Baldwin Insurance Group, Inc. reported significant financial developments in its latest 10-Q filing for the quarter ending March 31, 2026. The company generated total revenues of $532.2 million, a 29% increase from $413.4 million in the same period last year. This growth was primarily driven by a 31% rise in core commissions and fees, which reached $498.9 million, bolstered by contributions from recent partnerships. However, Baldwin recorded an operating loss of $101.3 million, a stark contrast to the operating income of $56.0 million reported in the prior year, largely due to increased operating expenses that surged by 77% to $633.5 million.
The company's operational metrics reflected substantial changes compared to the previous fiscal period. Baldwin's colleague compensation and benefits expenses rose by 43% to $283.6 million, driven by the integration of new partnerships and overall business growth. Other operating expenses also saw a dramatic increase, primarily due to a $128.8 million rise in Tax Receivable Agreement expenses, which were previously unrecorded. The net income attributable to Baldwin was $2.3 million, down from $13.9 million in the prior year, indicating the impact of higher costs associated with recent acquisitions.
Strategically, Baldwin completed three significant acquisitions during the quarter, totaling approximately $1.6 billion. These included the acquisition of Cobbs Allen Capital Holdings, Creisoft, Inc., and Foley Insurance Agency, which are expected to enhance Baldwin's specialty capabilities and expand its regional presence. The company now serves over three million clients across the U.S. and has increased its employee headcount to approximately 5,000, including new hires from these partnerships.
In terms of operational performance, Baldwin's total assets increased to $5.9 billion as of March 31, 2026, up from $3.9 billion at the end of 2025. The company reported a total of $1.5 billion in stockholders' equity, reflecting a significant increase from $1.1 billion in the previous quarter. Baldwin's liquidity position improved, with cash and cash equivalents rising to $146.4 million, alongside $393 million of available borrowing capacity under its revolving credit facility.

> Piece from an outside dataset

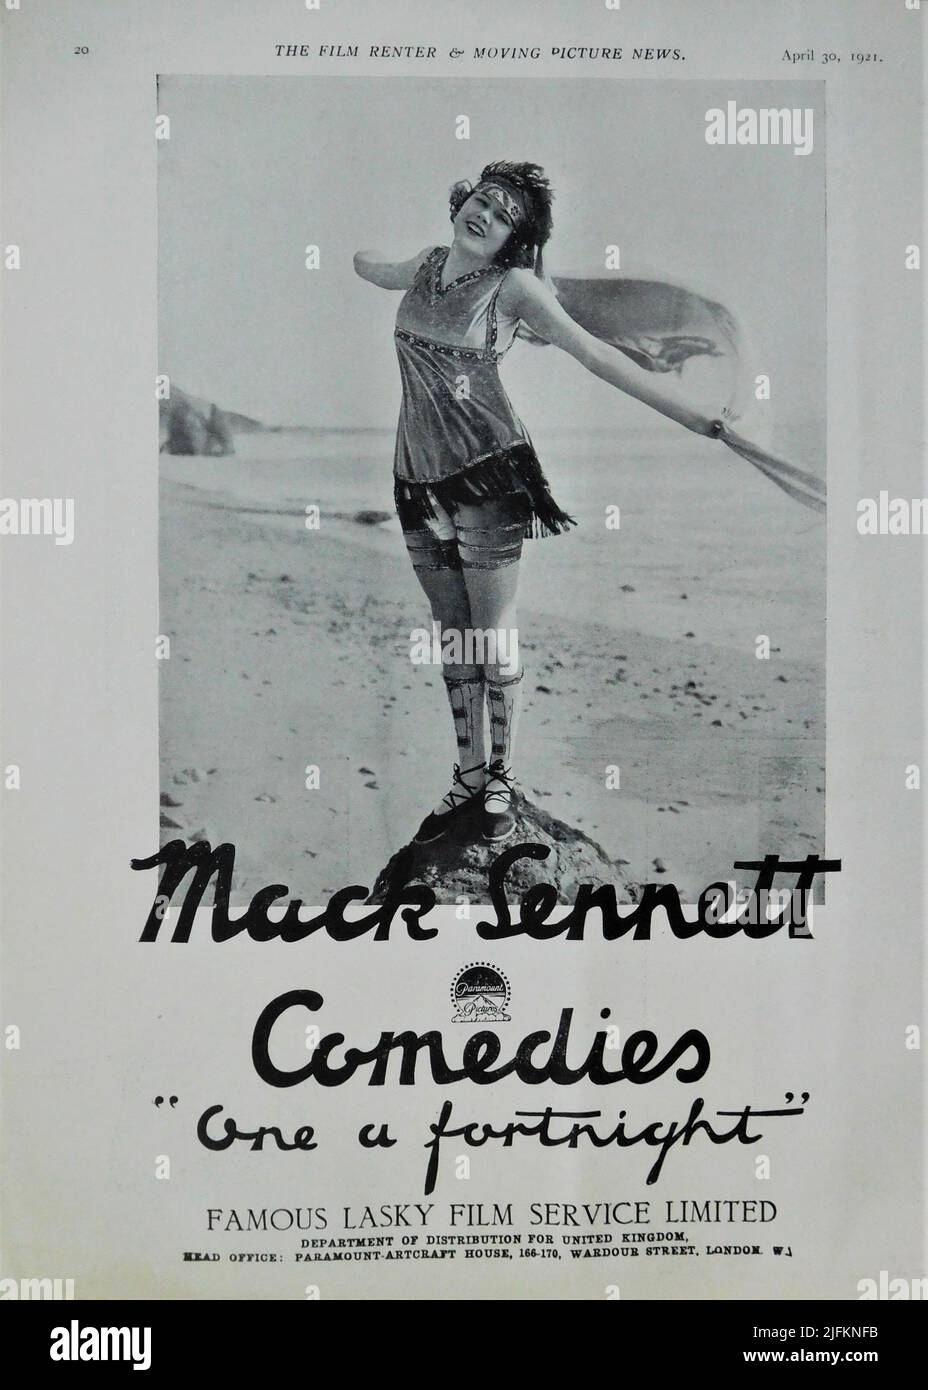 British Trade Ad from 1921 of a MACK SENNETT BATHING BEAUTY in MACK SENNETT COMEDIES : 'one a fortnight' from Famous Lasky Film Service Ltd / Paramount Pictures Stock Photo

Looking ahead, Baldwin anticipates continued growth driven by its strategic partnerships and geographic expansion. The company aims to leverage its enhanced capabilities in specialty insurance and technology-enabled solutions to capture a larger market share. However, management cautioned that future results may be influenced by various factors, including market conditions and the successful integration of recent acquisitions.
About Baldwin Insurance Group, Inc.
The Baldwin Insurance Group, Inc. is an independent insurance distribution firm offering tailored risk management, insurance, employee benefits, wealth management, and Medicare solutions. Operating through three segments—Insurance Advisory Solutions, Underwriting, Capacity & Technology Solutions, and Mainstreet Insurance Solutions—it serves over three million clients across the U.S. and internationally. Baldwin leverages proprietary technology, strategic partnerships, and a client-centric approach to deliver customized insurance products and advisory services.
About 10-Q Filings
A 10-Q form is an important financial report that public companies in the United States must submit every three months. It gives a clear picture of a company's financial health and recent performance.
Key points about the 10-Q:
- Frequency: Companies file it three times a year, covering the first three quarters. The fourth quarter is covered in a more comprehensive annual report.
-
Content: It includes:
- Financial statements showing the company's current financial position
- Updates from management on the performance and projections of the business
- Information about potential risks the company faces
- Details on how the company is run internally
- Deadline: Must be filed within 40 or 45 days after the quarter ends, depending on the size of the company.
Our Methodology
AssetRoom is committed to providing timely summaries of news from public companies. We use AI to generate these summaries quickly, but they are not reviewed by human experts.
Our method:
- Data Collection: We continuously monitor for new filings (currently limited to US-listed stocks).
- AI-Powered Analysis: Our advanced AI system processes each filing, identifying key information and extracting relevant data.
- Summary Generation: The AI creates a concise, easy-to-understand summary of the filing, highlighting the most important points.
- Publication: The summary is immediately published on our platform, allowing users instant access to the latest information.
- Email users: We distribute round-up emails according to our users preferences, keeping them in the loop with the companies they follow.